The surface of the impregnated laminate was observed after leaving the heating furnace and while being conveyed to the double-held press, but no wrinkles, waving, etc. were observed. The surfaces of the 20 laminates obtained were also observed, and no defects in appearance were observed.

Comparative Example 1 Twenty laminates having a length of 1000 wm were obtained in the same manner as in Example 1 except that no air curtain was provided.

When the surface of the impregnated laminate was observed after leaving the heating furnace and being conveyed to the double belt press, wrinkles were confirmed.

In addition, fine striped appearance defects were observed in 12 of the 20 laminates obtained.

Example 2 Twenty laminates having a body length of 1000 mm were obtained in the same manner as in Example 1 except that the air temperature of the air curtain was changed to 40°C.

The surface of the impregnated laminate was observed after leaving the heating furnace and while being conveyed to the double-held press, but no wrinkles, waving, etc. were observed. The surfaces of the 20 laminates obtained were also observed, and no defects in appearance were observed.

〔Effect of the invention〕

According to the manufacturing method of the present invention, there is no inflow of outside air into the heating furnace, and a laminate with no appearance defects can be obtained.

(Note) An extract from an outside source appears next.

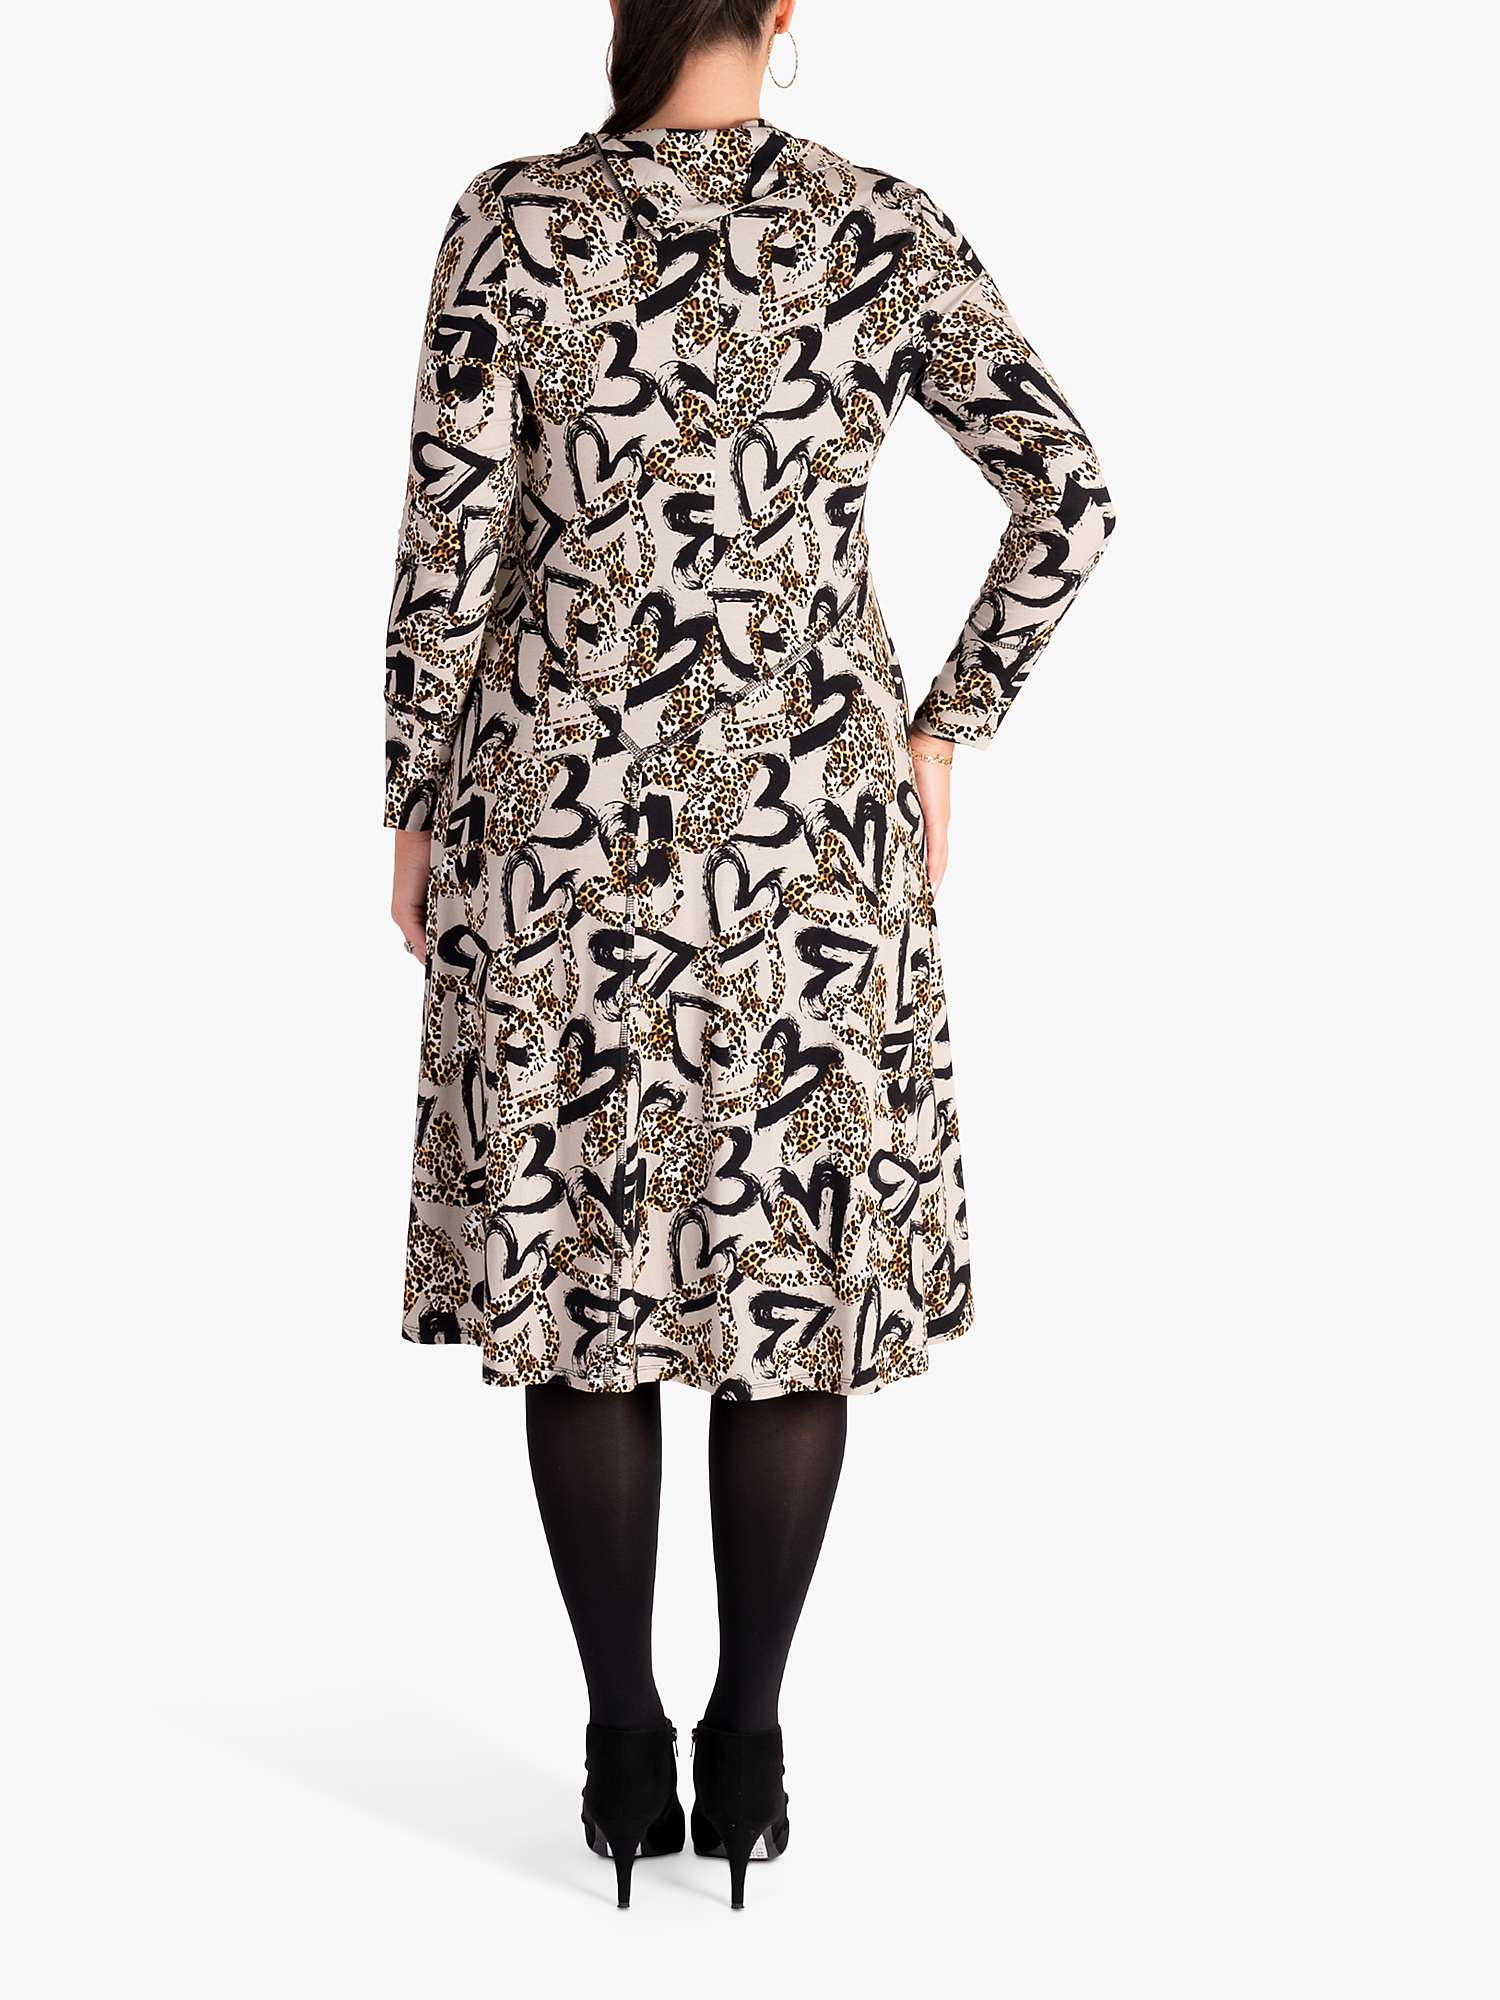 Buy chesca Heart Print Dress, Stone/Leopard Online at johnlewis.com

[Brief explanation of the drawing]

FIG. 1 is a sectional view showing an example of a heating furnace used in the manufacturing method of the present invention. Note that the arrow indicates the direction of travel of the air or impregnated laminate. impregnated laminate, 2: heating furnace, 3: heating furnace inlet, 4: support roll, 5: heating furnace outlet, 6: air curtain device,
7: Exhaust port, 7': Exhaust pipe, 8: Heated air supply port, 8
': Heated air supply pipe, 9: Air heater.

Claims (1)

[Scope of Claims] 1. An impregnated laminate formed by laminating long thermosetting resin-impregnated substrates and laminating a long metal foil or cover film on one or both sides of the impregnated laminate is heated in a heating furnace. A method for manufacturing a laminate, which includes a step of continuously heating while exhausting volatile matter inside the laminate, which is characterized by using a heating furnace provided with an air curtain at the inlet and/or outlet as the heating furnace. . 2. The manufacturing method according to claim 1, wherein the air temperature of the air curtain is lower than the air temperature in the heating furnace and higher than the outside air temperature. 3. The manufacturing method according to claim 1 or 2, wherein heated air is supplied into the heating furnace at the same time as the volatile matter in the heating furnace is exhausted.